Under Delaware law, “when a contract is breached, expectation damages can be established as long as the plaintiff can prove the fact of damages with reasonable certainty. The amount of damages can be an estimate.” Siga Techs., Inc. v. PharmAthene, Inc., 132 A.3d 1108, 1111 (Del. 2015). Moreover, when “the existence of damage is certain, and the only uncertainty is as to its amount, the burden of uncertainty as to the amount of damage is upon the wrongdoer.” Id. at 1131 n.132 (alteration omitted) (quoting Boyce v. Soundview Tech. Grp., Inc., 464 F.3d 376, 391 (2d Cir. 2006)).
The arbitrator did not act in manifest disregard of these legal principles. The arbitrator determined that the proper measure of damages was the difference between the contract price and the market value of the shares that Mercantile retained. In calculating this market value, the arbitrator rejected both parties’ “extreme” positions—that the shares were either worthless or worth the full contract price. App’x 40. Instead, the arbitrator relied on testimony from both parties’ damages experts to arrive at an estimated value of $20 million in two years, discounted to present value using a ten percent discount rate suggested by Hamilton’s own expert.

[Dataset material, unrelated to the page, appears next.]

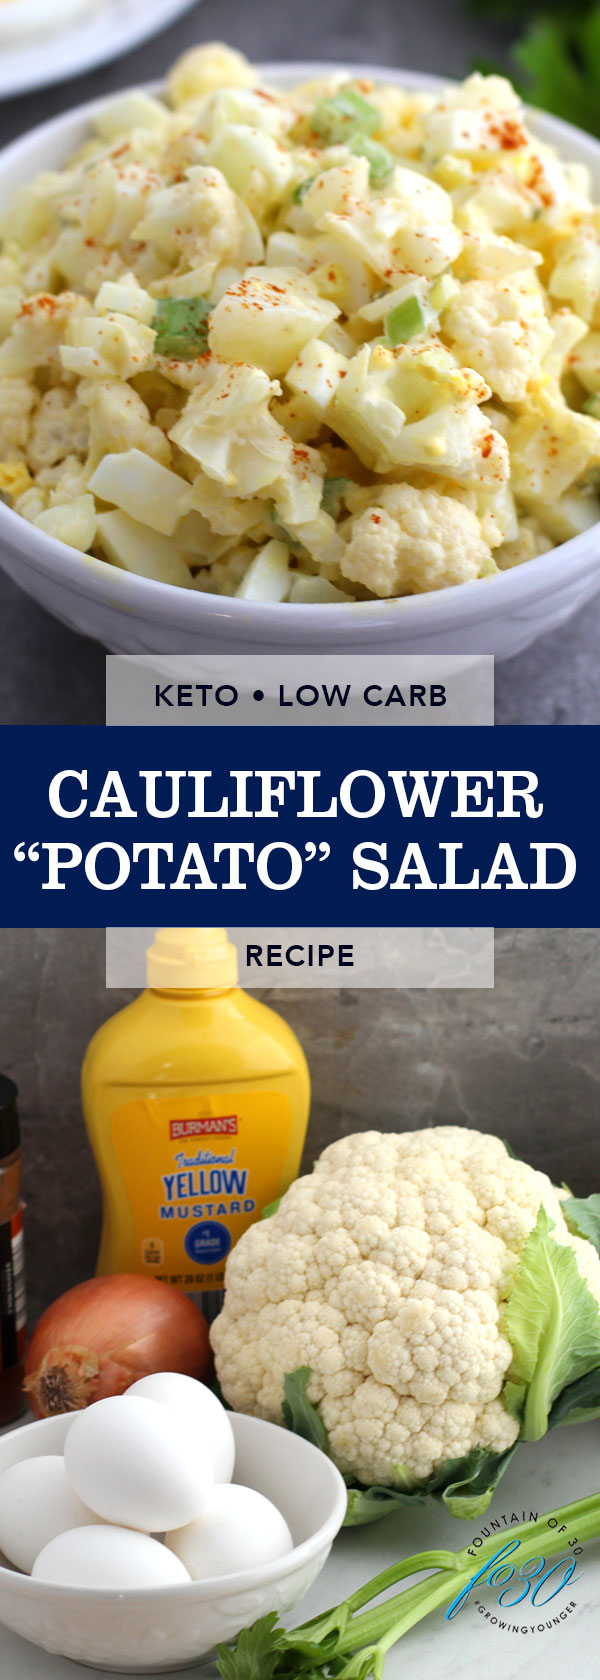 low carb cauliflower potato salad fountainof30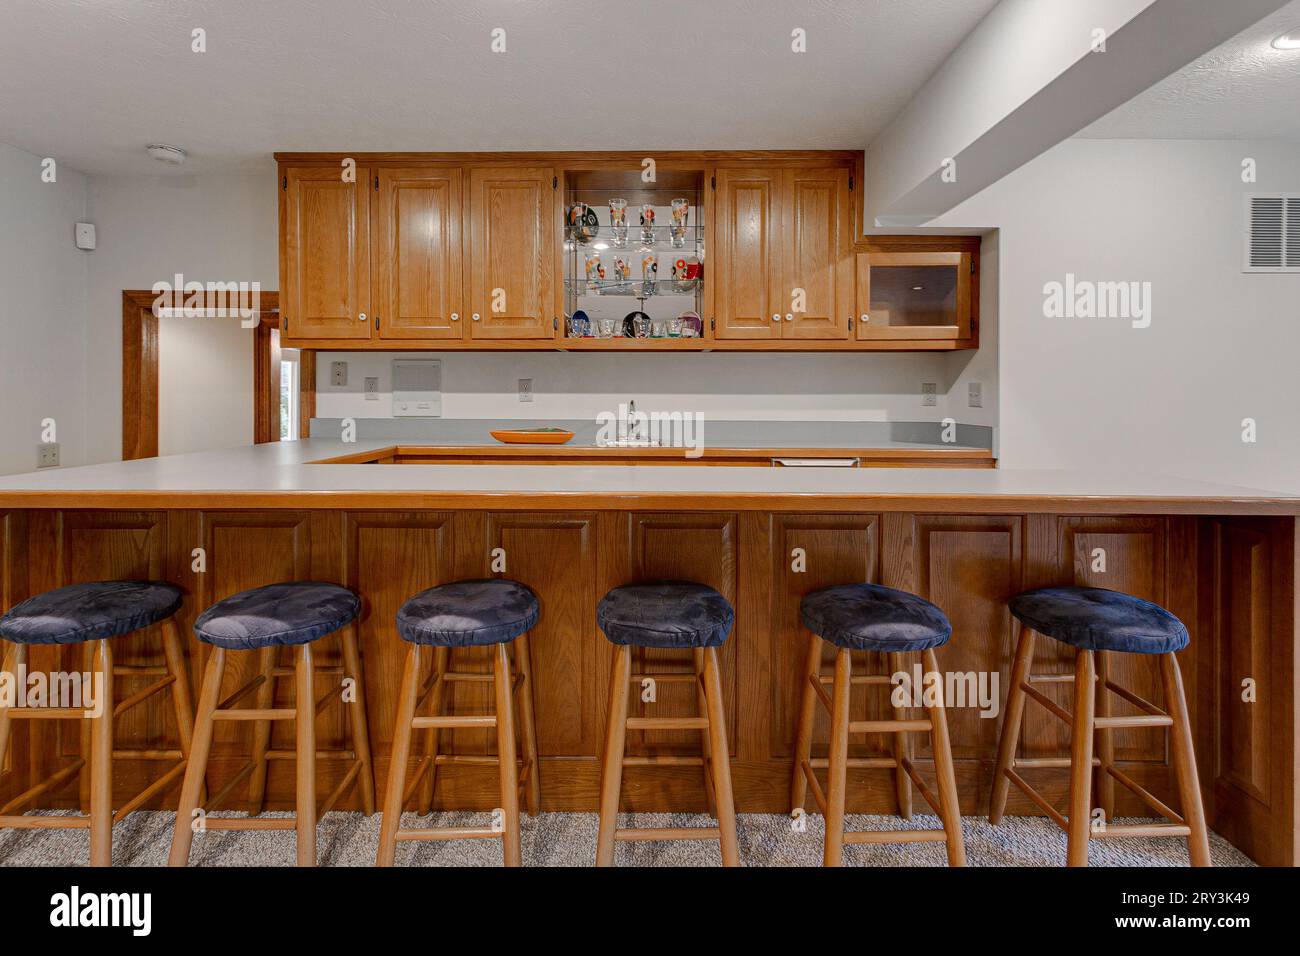 Kochnische im Barstil mit sechs Barstempeln und Long Island Counter. Holzschränke und minimales Styling Stockfoto

Although the arbitrator described the $20 million figure as “no more than a guess,” he noted that it was “the only estimate offered in this case.” Id. at 42 n.28. The arbitrator explained that the parties “had adequate opportunity to provide an 4 estimate of market value,” but each side instead “opted to ‘shoot the moon’” by staking out an extreme position. Id. The record makes it apparent that the arbitrator was not willfully flouting Delaware law but undertook a good-faith attempt to estimate the damages based on the available evidence.
There was no dispute about the fact of damages; Hamilton breached the investment agreements and Mercantile suffered harm as a result. The uncertainty was limited to the amount of damages, specifically the market value of the retained shares. Given that both parties’ experts provided testimony supporting the figure—and the absence of evidence suggesting a different amount—the arbitrator had at least “a barely colorable justification” for its market value determination. Wallace, 378 F.3d at 190 (emphasis omitted) (quoting Banco de Seguros, 344 F.3d at 260).
* * *
We have considered Hamilton’s remaining arguments, which we conclude are without merit. For the foregoing reasons, we affirm the judgment of the district court.